Likewise, entire low-income families in urban spaces have often been confined to studio-sized rooms for decades now. Recently, photographer Thomas Holton has attracted attention for his visual documentation in the New York Times of how the Lams, a Chinese working-class family, have lived and operated within their 350 square foot tenement on Ludlow Street in New York’s Chinatown. With their furniture arranged in a Tetris-like manner, beds double as desk chairs, while kitchen table tops double as desk tops. These compact living conditions illustrate the circumstances of countless working class families for decades within the city. Though these multipurpose arrangements stemmed from necessity, there are parallels between how the Lams use their space and how developers advertise the versatile implementation of microapartment design. Notably absent when examining the Lams’ living quarters, however, is the language of glamour and excitement that characterizes the rhetoric surrounding these new microapartment complexes. NYU Professor of Urban Policy Ingrid Gould Ellen told the New Yorker, “If micro-units become a form of low-income housing only, it becomes stigmatized,” meaning that without this romanticized idea of small living areas, this new strain of microapartments would lack the luster surrounding their appeal.
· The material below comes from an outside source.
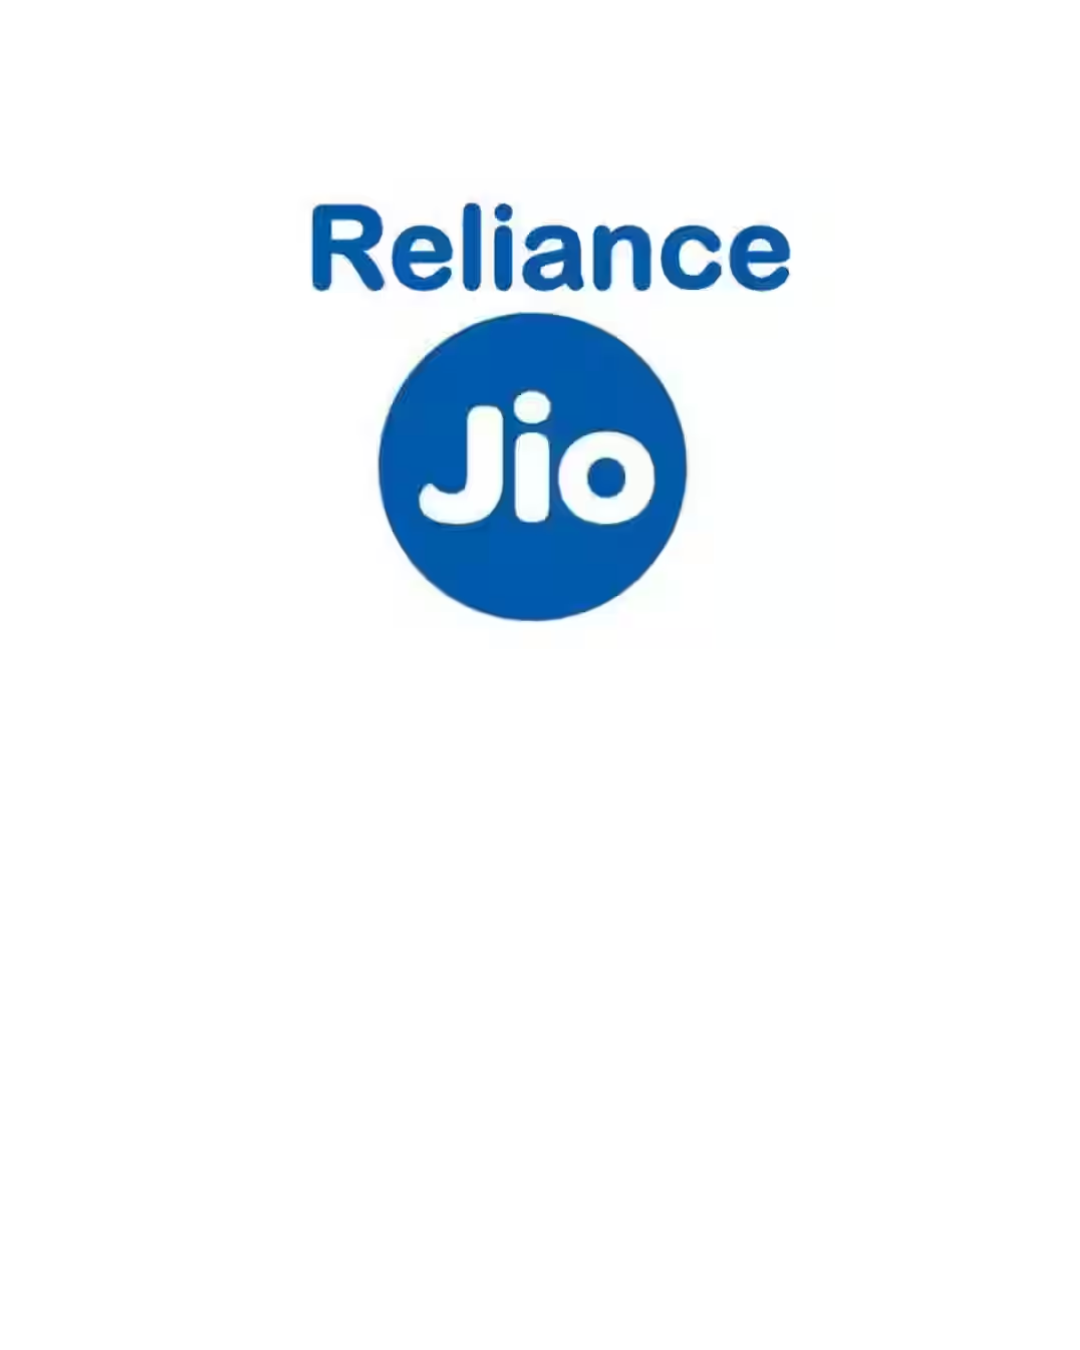 Reliance Jio Q1 Results: Firm's net profits up by 12% to Rs 4,963 cr

Microapartments may be in fashion in a number of cities including Boston and New York, but their viability as an alternative housing solution is still questionable. In fact, many talks are currently in place concerning the safety of such spaces, as environmental psychologist Dak Kopec noted to The Atlantic, “they can definitely be unhealthy for older people…who face different stress factors.”
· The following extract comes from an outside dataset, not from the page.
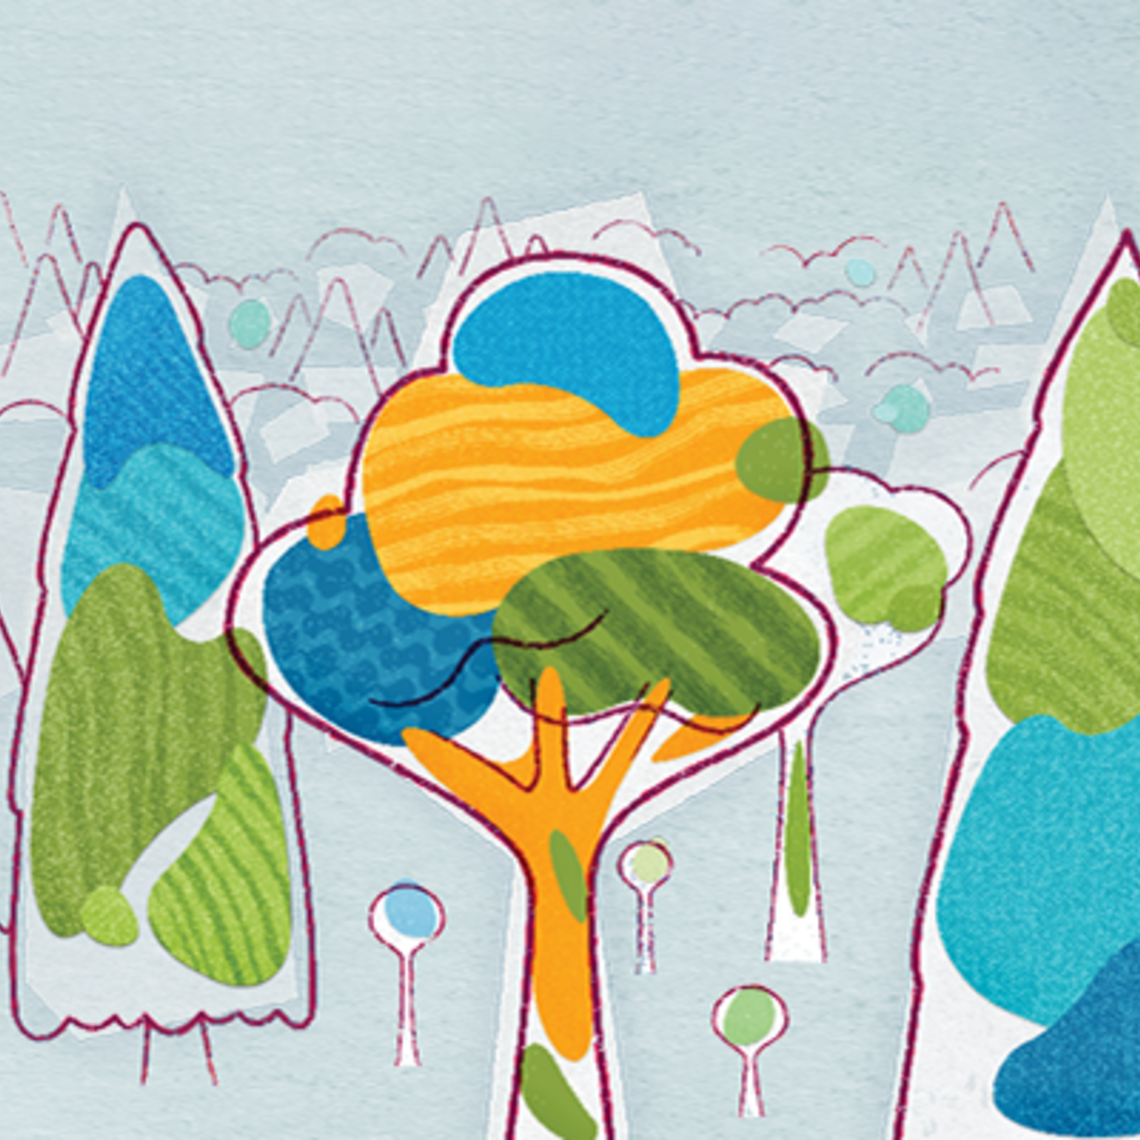 A colourful cluster of illustrated trees.

Still, microapartments are chock-full of potential as an option for lower-income individuals to live in the city. Though microapartments are also on the rise as a trendier form of living for single millennials, it is important to consider the number of problematic implications that such trendiness may carry. The 23 square miles that comprise the borough of Manhattan contain some of the most highly cherished yet also densely populated neighborhoods in this nation—Carmel Place may not be a catch-all solution to this, but it is certainly an experiment that pays homage to the past and has potential to grow in the future.